Jangan Kalah Dong!

39 5 0
                                    

Nulis ini di kamar Ayyash, ada cermin gedenya. Karena ini esai seyogyanya buat 'penampar' diri sendiri huehehe..

#*#*#*#*#*

Si little baby honey menangis tiada henti, meminta perhatian kita. Ihik ihik dikit, dicuekin. Tambah volume, masih dianggurin. Hokeh, fine! Kasih super power HOAAAAHOAAAA!! Emaknya dateng tergopoh-gopoh. Sip, baby belajar hal baru; bahwa dia harus selalu berinovasi. Kalo gaya nangisnya biasa aja, kurang menarik perhatian. Kalo bayi mungil saja bisa inovasi, apa kaabar kita yang sudah dewasa? Harusnya lebih kreatif lagi, lebih banyak belajar lagi. Masak puas sama  yang begitu-begitu ajah? Jangan kalah dong, malu ah sama bayi 😁

Si lima tahunku yang ceriwis mulai bertanya "Kenapa? Kenapa harus begini? Kok nggak begitu? Kok bisa? Kenapa? Bunda tahu dari mana? Ada contohnya?" satu jawaban berlanjut ke pertanyaan lain. Kadang nggak percaya pula sama jawaban yang saya beri. Bikin keki, kadang capek hati. Huhu plis.. Honey. Percaya aja sama jawaban Bunda kenapa? Sebenarnya dia mah sedang praktek 'berpikir kritis dan skeptis'. Nggak langsung percaya sama informasi yang didapat. Cara berpikirnya yang logis membuatnya ingin sesuatu yang 'pasti' dan nyata, sekaligus ingin memastikan apa yang dia terima itu benar adanya. Kita yang dewasa sering lupa bertanya "Kenapa? Benarkah? Tahu dari mana?" ketika mendapatkan suatu informasi. Main glek telen ajah, nggak dikunyah dulu. Langsung komen dan sebar ajah, nggak lihat dulu ini sumbernya dari mana. Ah, jangan kalah dong sama si lima tahun 😘

Si balita lasak baru saja kita pelototi. Ya gimana, kita bukan ibu peri baik hati yang selalu senyum nggak pernah emosi. Kadang lemah iman sama capek bodi bikin tingkah dan kata-kata lupa dikasih filter. Saat duduk sambil istighfar, si kecil mendekat. Elus elus kepala dan pipi kita, sambil menatap dengan mata beningnya, lalu mencium tangan kita, "maaf Bunda.. Nggak lagi-lagi. Bunda capek ya? Maaf Bunda." Dia langsung meminta maaf dan detik itu juga memaafkan kita. Mudah sekali baginya melupakan kesalahan kita tadi.

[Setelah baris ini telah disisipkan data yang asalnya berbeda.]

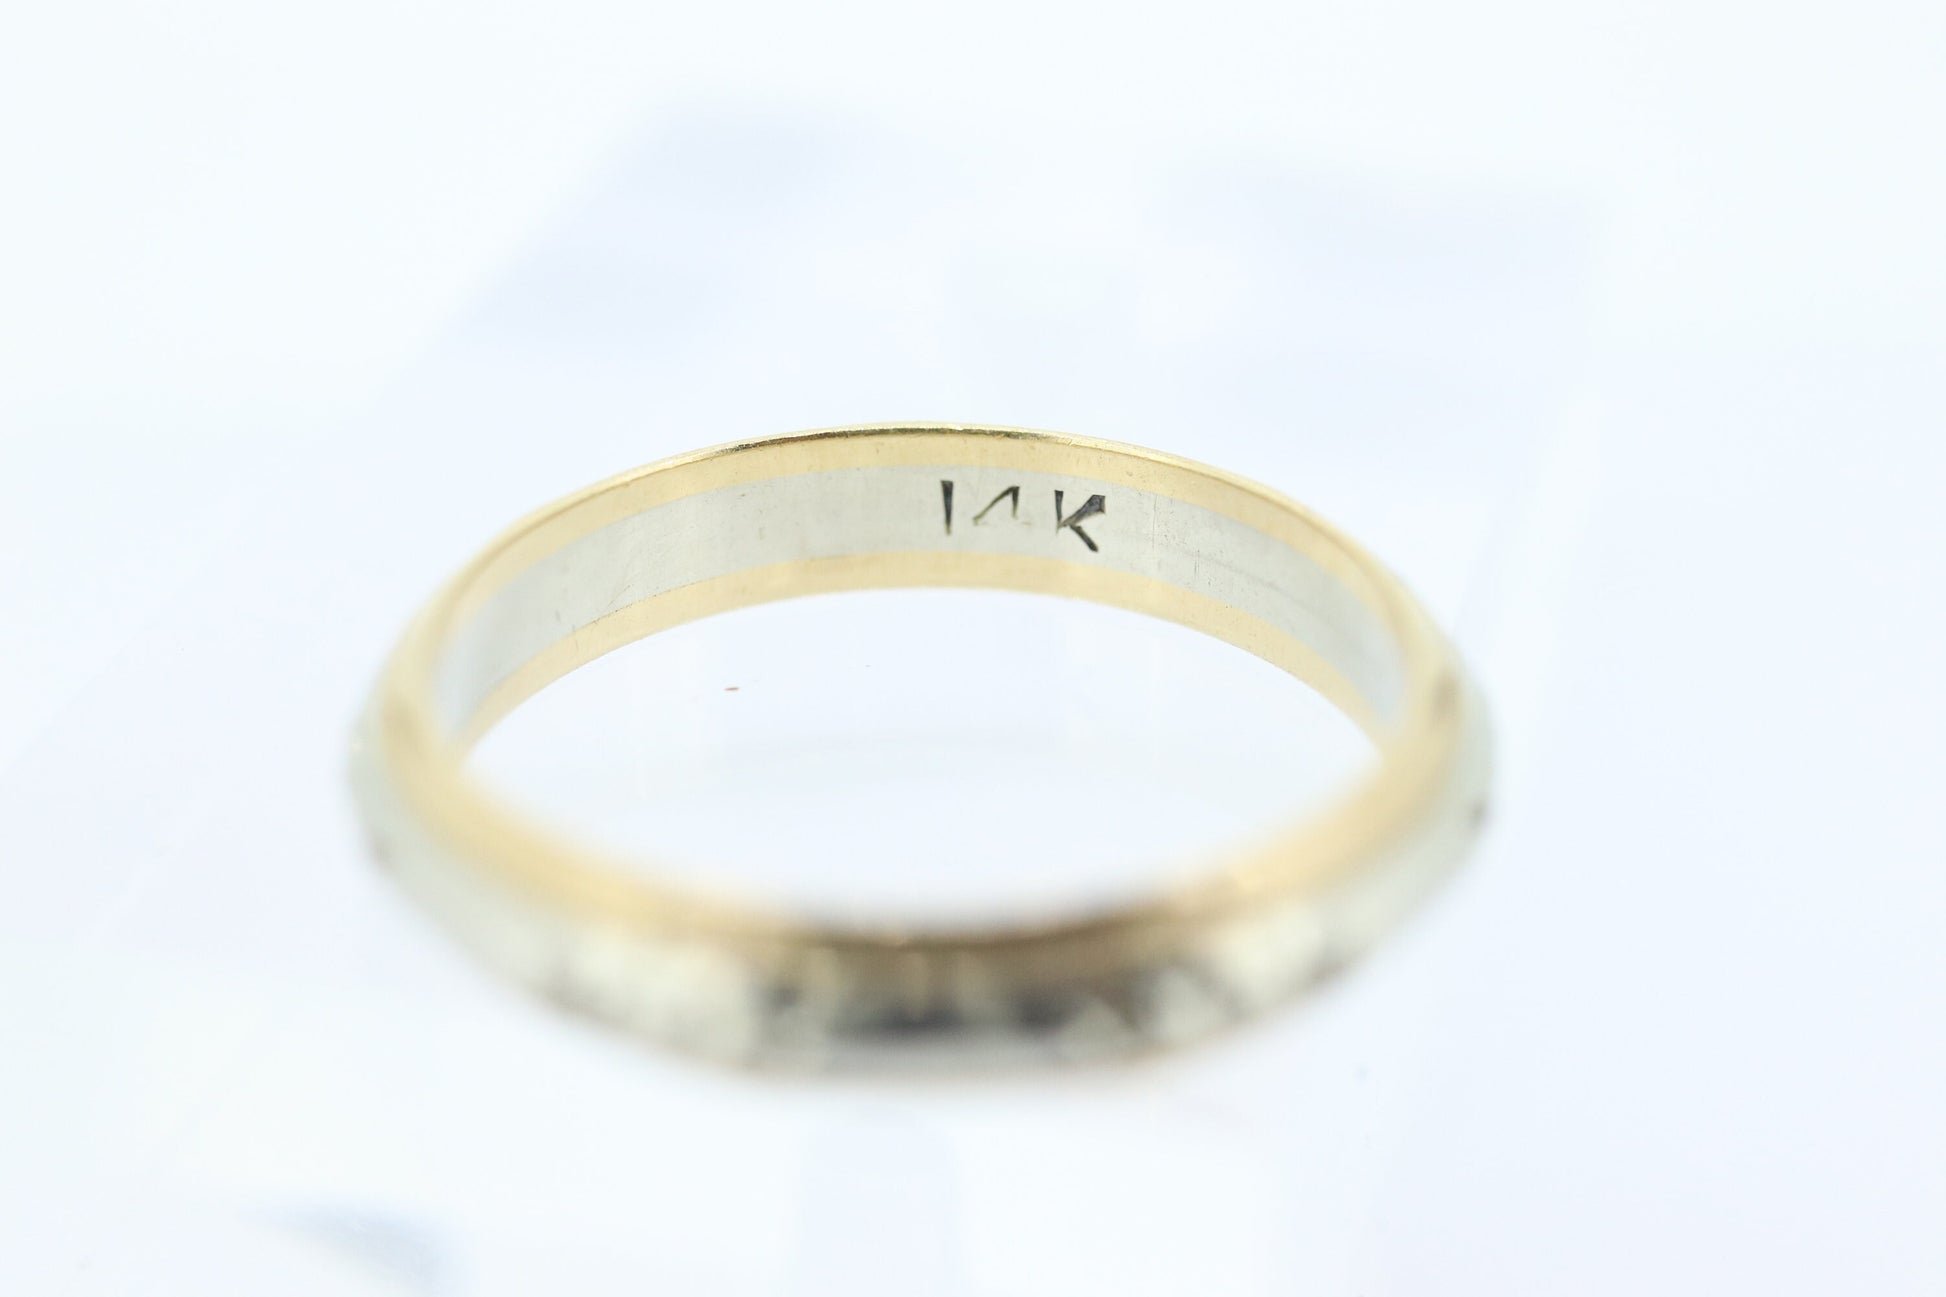 sz11 Engraved Gold band. 14k Two Tone White and Yellow wedding band. Stackable ring. Vintage 1940s. Tu-tone band. st(161/11)

Lima menit kemudian dia sudah gelayutan manja di pelukan kita, tertawa lepas membawa penat kita ke awang-awang. Betapa kita yang dewasa sering berlaku sebaliknya, sulit melupakan. Kayak gajah yang tak pernah lupa, kita ingat-ingat kesalahan orang lain pada kita. Diungkit setelah jauuuhh hari, bahkan si pelaku pun sudah lupa dia pernah melakukan  itu. Padahal waktu itu udah selesai perkara, deh. Udah maaf lahir batin pake salam-salaman. Bukankah mengungkit kesalahan lama juga berarti membuka luka yang hampir kering? Ah, jangan kalah dong sama anak-anak. Kalau sudah memaafkan sebaiknya tidak diungkit lagi 😊

Anak-anak memang bertubuh lebih kecil dari kita, tapi ada banyak hal yang bisa kita pelajari dari perilaku mereka. Selalu ingin tahu, tak mudah menyerah, percaya sepenuh hati, belajar dari mana saja dan dimana saja, serta mudah memaafkan. Kita yang dewasa terkadang lupa bahwa kemurnian jiwa mereka justru adalah hal terindah yang hilang dari kita.